From Cap-and-Trade to Cap-and-Invest
Assembly Bill 1207 (2025) extended California’s market-based compliance mechanism through December 31, 2045 and renamed it the Cap-and-Invest Program. For energy-intensive manufacturers, the stakes of the implementing rulemaking were direct: the program’s allowance allocation rules determine how much of California’s carbon price lands on industries that compete against producers facing no equivalent cost. AB 1207 preserved 100 percent industry assistance for Emissions-Intensive, Trade-Exposed (EITE) facilities through 2030 and directed CARB to design allocation to minimize emissions leakage — the risk that production, jobs, and emissions simply move out of state.
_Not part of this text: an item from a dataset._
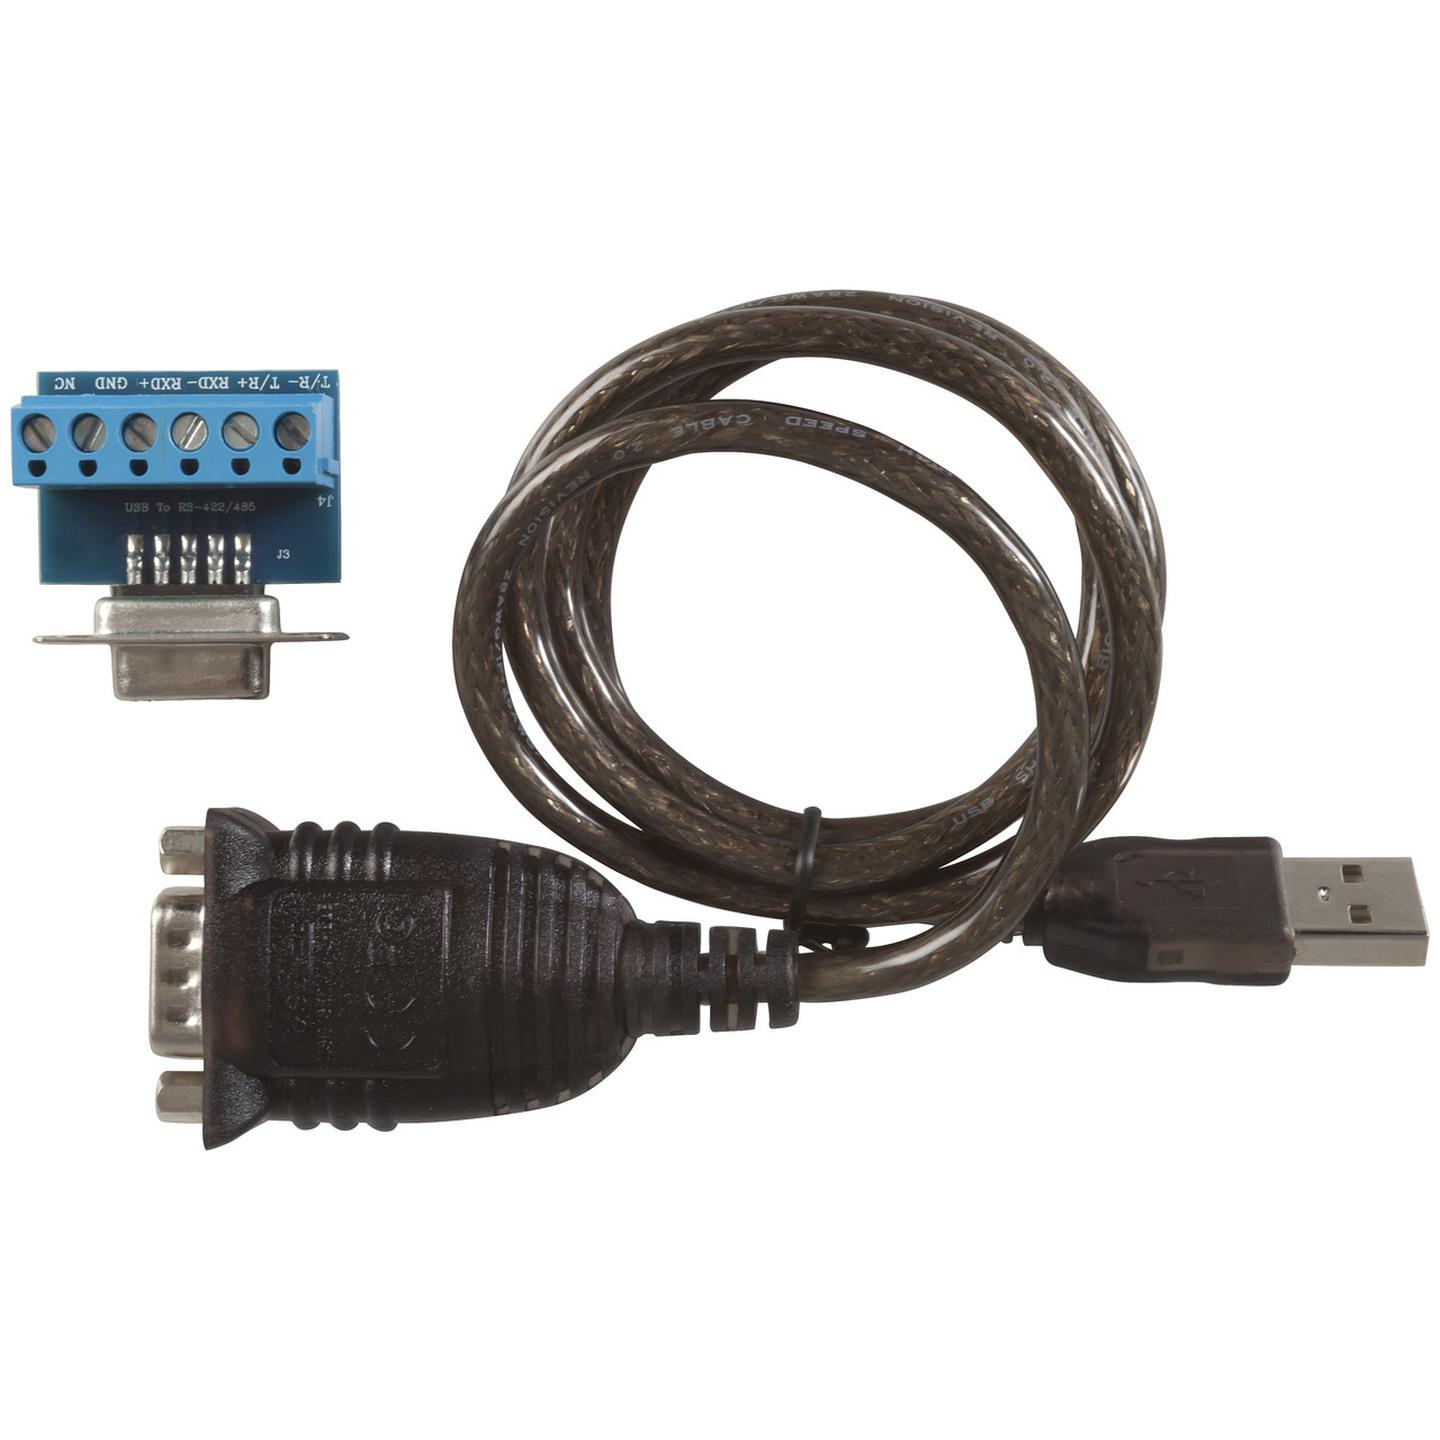 USB Port to RS-485/422 Converter with Automatic Detect Serial Signal Rate

CLECA participated in every stage of CARB’s 2025–2026 amendments rulemaking: workshop comments in November 2025, formal comments on the Initial Statement of Reasons in March 2026, and comments on the 15-Day Modifications in May 2026, ahead of the Board’s adoption of the amendments on May 28–29, 2026.
Allowance allocation and the CAF cliff
CLECA’s central objection to the original proposal was a Cap Adjustment Factor trajectory that would have dropped standard-CAF coverage of industrial compliance costs to roughly 28 percent by 2035 — an allocation “cliff” CLECA argued is contrary to AB 1207’s leakage-minimization mandate. The comparison CLECA put on the record comes from CARB’s own analysis: California’s 2023 ratio of industrial allocation to covered emissions was 62 percent, below every major comparator carbon-pricing program — Washington near 100 percent, Quebec at 99 percent, the EU at 84 percent. No western competitor state has a comparable carbon price at all.
The 15-Day Modifications moved substantially in CLECA’s direction: higher Cap Adjustment Factors for 2027 and slower annual declines through 2030 (standard from 4 to 3 percent; alternate from 2 to 1 percent). CLECA supported timely adoption on that basis, arguing that regulatory uncertainty itself drives leakage — facilities cannot commit capital to California operations without a settled allocation framework.
The border carbon adjustment sequencing argument
CLECA’s structural position is about sequencing. The European Union paired the phase-down of free industrial allocation with a Carbon Border Adjustment Mechanism, recognizing that declining free allocation without border protection accelerates relocation rather than reducing global emissions. California has no border carbon adjustment. CLECA therefore urges CARB to suspend further CAF reductions until a border carbon adjustment or equivalent embodied-carbon mechanism is in place — and supported CARB’s decision to defer post-2030 CAFs to a future rulemaking where that question can be squarely addressed.
Making the MDI workable
The most significant new mechanism in the amendments is the Manufacturing Decarbonization Incentive (MDI) — roughly 118 million allowances, on the order of $4 billion in value, reserved for industrial facilities undertaking major on-site decarbonization projects, with applications opening June 1, 2027. CLECA engaged the MDI design in detail and secured meaningful improvements in the 15-Day Modifications: a flat 0.8 CAF modifier in place of a steeply declining schedule that penalized projects by vintage; a spending window extended from five years to six–seven years, matched to real industrial project timelines; a first application deadline moved to June 2027 so facilities are not asked to apply before the regulation is in force; and expanded technology-neutral eligibility — including biomass fuel-handling infrastructure, waste heat recovery, and carbon capture capital costs.
CLECA’s remaining asks are precise: confirm that new facilities commencing production during the MDI window are eligible in their first year; set expenditure eligibility from the January 2026 ISOR date rather than September 2026, so facilities are not rewarded for deferring investment; and coordinate direct and indirect allocation so a facility that electrifies a gas-fired process — cutting its on-site emissions but raising its electricity purchases — is not left worse off for having decarbonized.
Electricity bill credits and the indirect allocation transition
The amendments also transition administration of indirect (electricity) emissions allocation from CPUC-administered California Industry Assistance credits toward CARB-published benchmarks. CLECA’s position is verification, not opposition: because the prior CPUC benchmarks were never published, CARB must publicly document that the new Table 9-1 electricity efficiency benchmarks are consistent with what EITE facilities received before — so an administrative handoff does not silently reduce leakage protection. CLECA also supported retaining the CPUC/utility route for distributing indirect emissions credits to non-covered opt-in entities.
The through-line across every CARB position is the same one CLECA carries at the CPUC: California’s climate program succeeds only if energy-intensive production decarbonizes in California — not by relocating to jurisdictions with weaker rules and dirtier grids.